The “socialization question” is one of the things people ask when they find out you homeschool . Normally, I go into my spiel about how is not an issue for my children and that school doesn’t provide a realistic view of socialization anyway. I mean, when in the “real world” are you in a set environment with people of your same age and relative stage in life, learning the same thing for years at a time? Then, I throw in that we belong to a local co-op and my kids have tons of fun at the park with whatever kids that are there. Blah, blah, blah.
But, the other day as I was looking at them play with another set of new kids, some thoughts popped in my head…
“My boys are excellent at making friends, however temporary, but it’s kinda sad to see them perpetually meeting new kids. If they were in (a physical) school they’d get to see the same kids every day and would most likely develop real friendships over time. I still know a lot of my friends from school and love the memories from growing up with a lot of the same people I met there. Will my children have that same opportunity if they’re not in school or some place else where they see the same children all the time?”
This question had me all up in my feelings, y’all.
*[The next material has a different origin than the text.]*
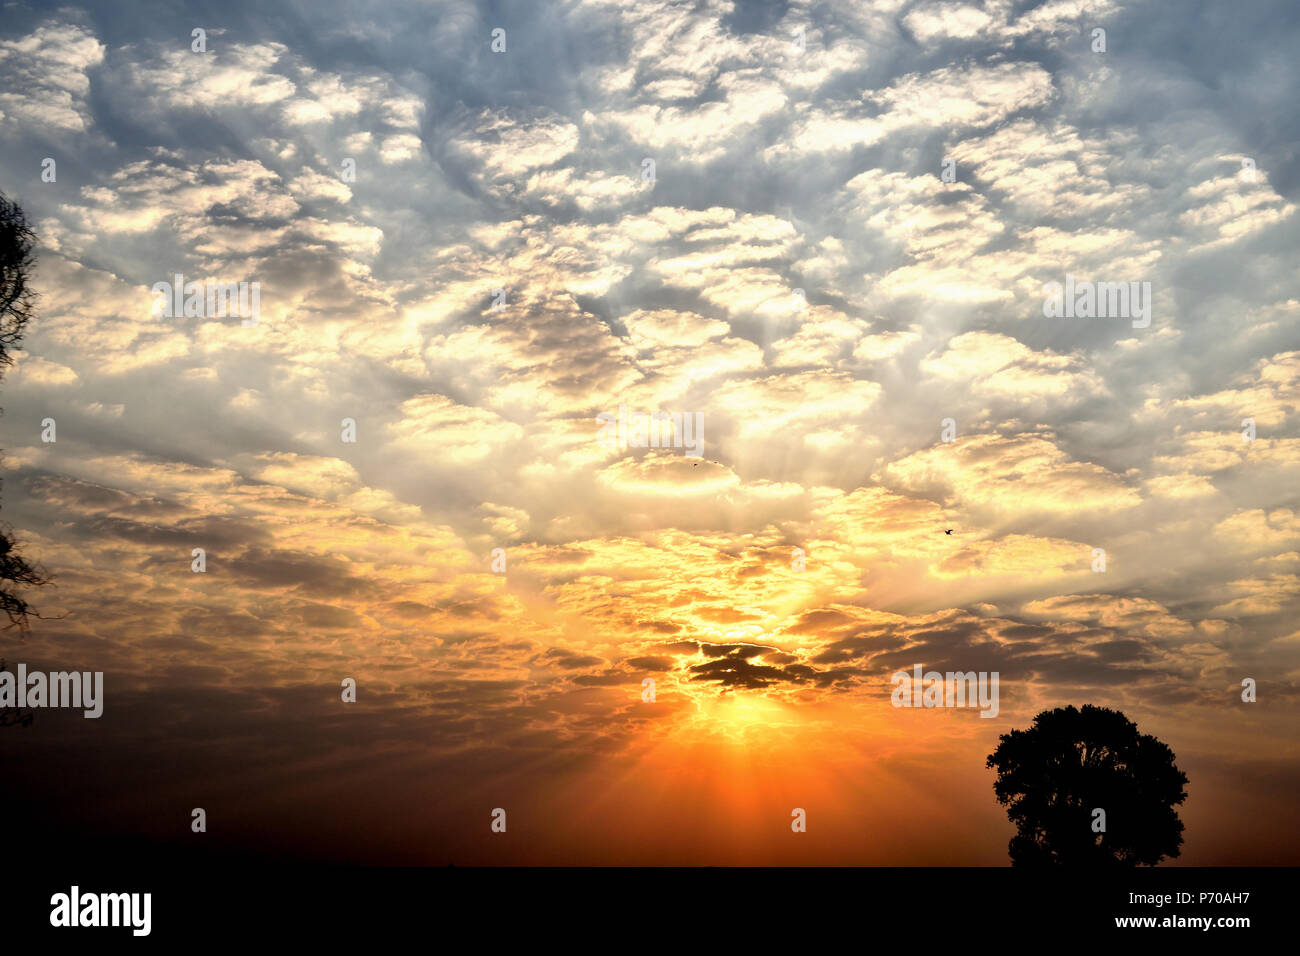 Dispersion of light wavelengths during sunset in cloudy sky Stock Photo

Until then, I’d never thought about the possibility of my kids not having a chance to develop long-term friendships because they are homeschoolers. In my mind, socialization had to do with being around other children (and adults) to learn how to interact with the world in a socially acceptable way, all the while maintaining who you are in the process. As I look at my children, I can honestly say that they’re doing well in that department. However, because they are homeschooled and not consistently around other children who are not their siblings or cousins, I wonder if I need to create more opportunities for them to find and/or hang out with the same friends in order to foster those friendships. Basically, way more playgroups and meet-ups should be in our future, right? Or, is what they’re doing enough? Is my Type A personality showing? Gah.
Here’s the thing. Whether you homeschool or not, we all want our children to have friends, real friends, with friendships that are healthy, encouraging, and offer lots of fun, shared experiences. Does that happen only under certain circumstances? If so, does a homeschooling family have to go above and beyond to make sure we cover those bases? Maybe. Maybe not.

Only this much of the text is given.